Сослагательное наклонение истории – это единственное, что меня смущает. В подлинной же, не виртуальной жизни, всё было проще.
Где-то сразу после нового 1965 года мне домой вдруг позвонил незнакомый голос. Представился инструктором нашего Фрунзенского райкома комсомола, который находился в бывшем дворце
Белосельских-Белозерских на углу Невского и Фонтанки. Я долго не мог понять, кто мог бы там мной заинтересоваться, и только когда пришел, то понял. Человека, который встретился со мной, звали Анатолий
Сергеевич. Он с самого первого момента дал мне понять, что они знают обо мне абсолютно всё. Вплоть до того, где, когда, с кем и как я трахался всю свою сознательную жизнь. Через пять лет я окажусь в
Алжире и там прочту книгу Орвелла "1984 год", а, читая ее, буду постоянно вспоминать Анатолия Сергеевича, и верить, что они действительно всё это знали, или могли знать, если бы захотели.
Ещё, помнится, он очень усердно требовал, чтобы я ему рассказал обо всех иностранцах, с которыми дружил или просто имел какие-либо дела. Это было мне совсем просто, ибо абсолютно никаких запрещенных законом дел ни с кем я не имел. Кишка была тонка для подобных вариантов.
Затем он предложил мне пойти домой, всё это там неспешно описать и встретиться с ним еще раз через пару дней. "Подпишись же, – говорит, – какой-нибудь кличкой, о которой будем знать только мы с тобой". Так я и накатал. А подписался "Морфеси". Ибо в Петербурге начала века был такой исполнитель цыганских романсов – Юрий Морфеси.
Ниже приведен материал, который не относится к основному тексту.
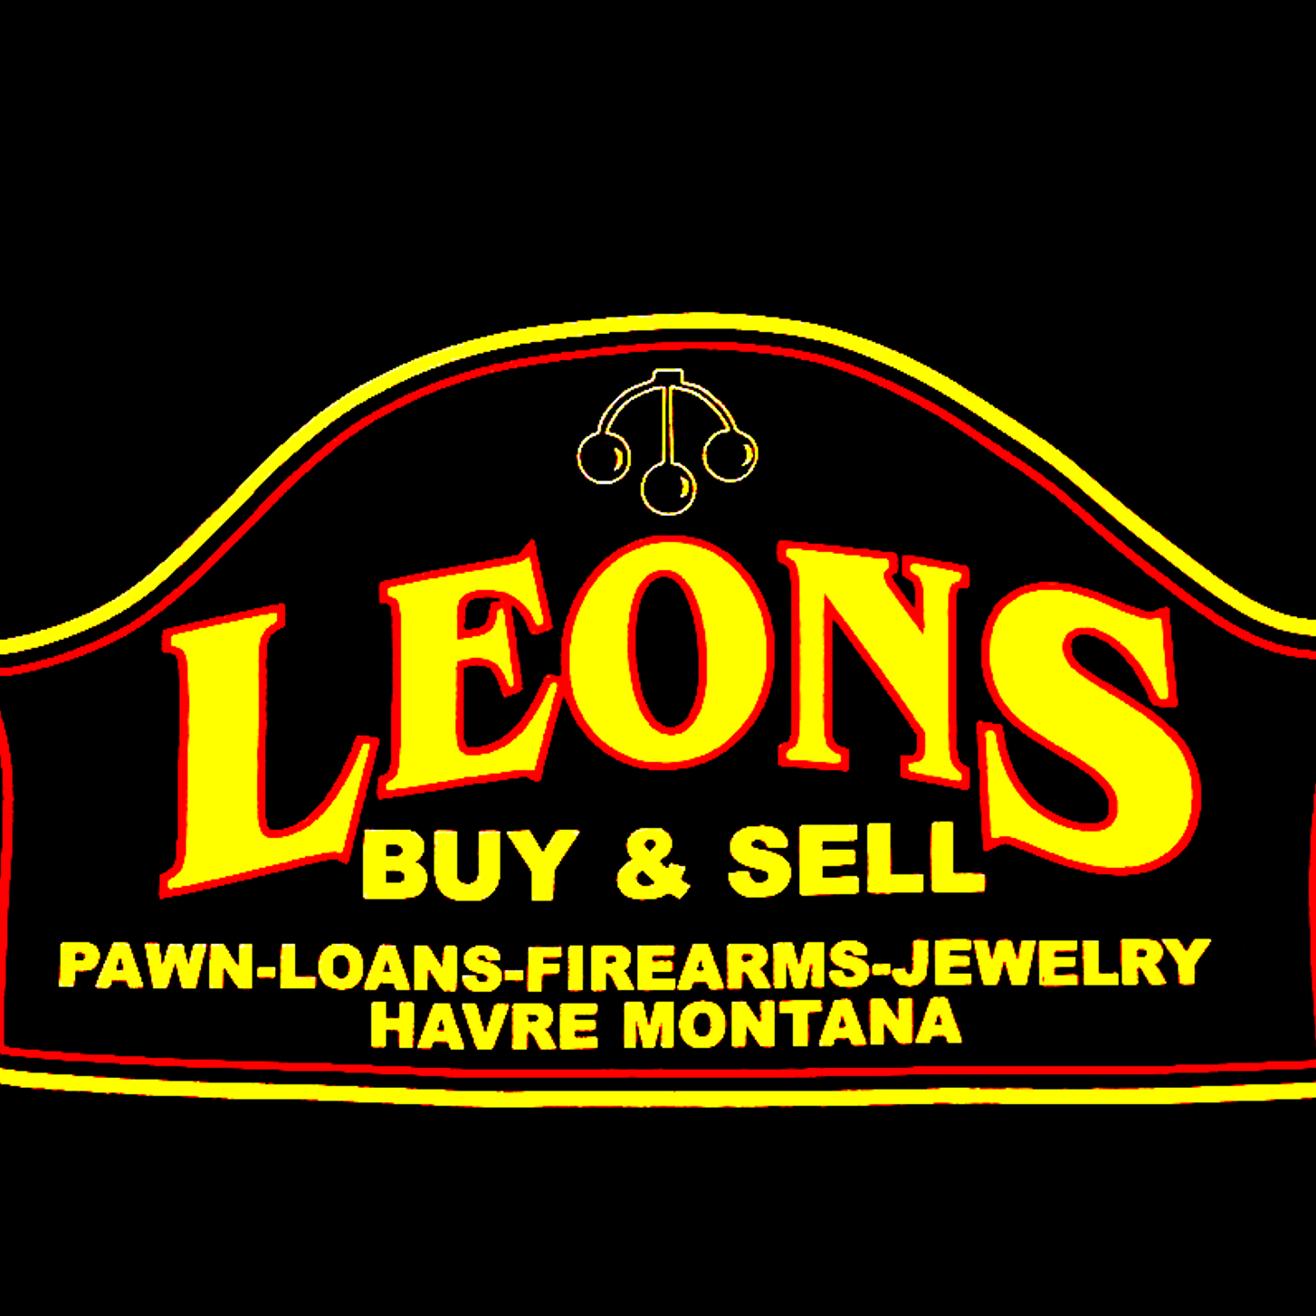 Leons Buy & Sell image 16

У максимюковского отца большая пачка была его пластинок дореволюционной фирмы "Его хозяйский голос". Напел, в общем,
Анатолию Сергеевичу романс. Кликухе моей он поначалу весьма удивился, но я объяснил, и он возражать не стал, мол, Морфеси, так
Морфеси.
Особенно просил он меня почему-то подробнейшим образом уточнить, за какие партии мои иностранные друзья и даже их родители голосуют на выборах. Что мне было, как два пальца об асфальт! Я даже не удосужился расспрашиванием Маши, Терезы, Карло Бьянки, Анны Марии и других моих итальянских друзей. А просто выяснил у них же, какие партии существуют в Италии и чисто от фонаря нарисовал Анатолию
Сергеевичу расклад. Пусть проверяет, если захочет.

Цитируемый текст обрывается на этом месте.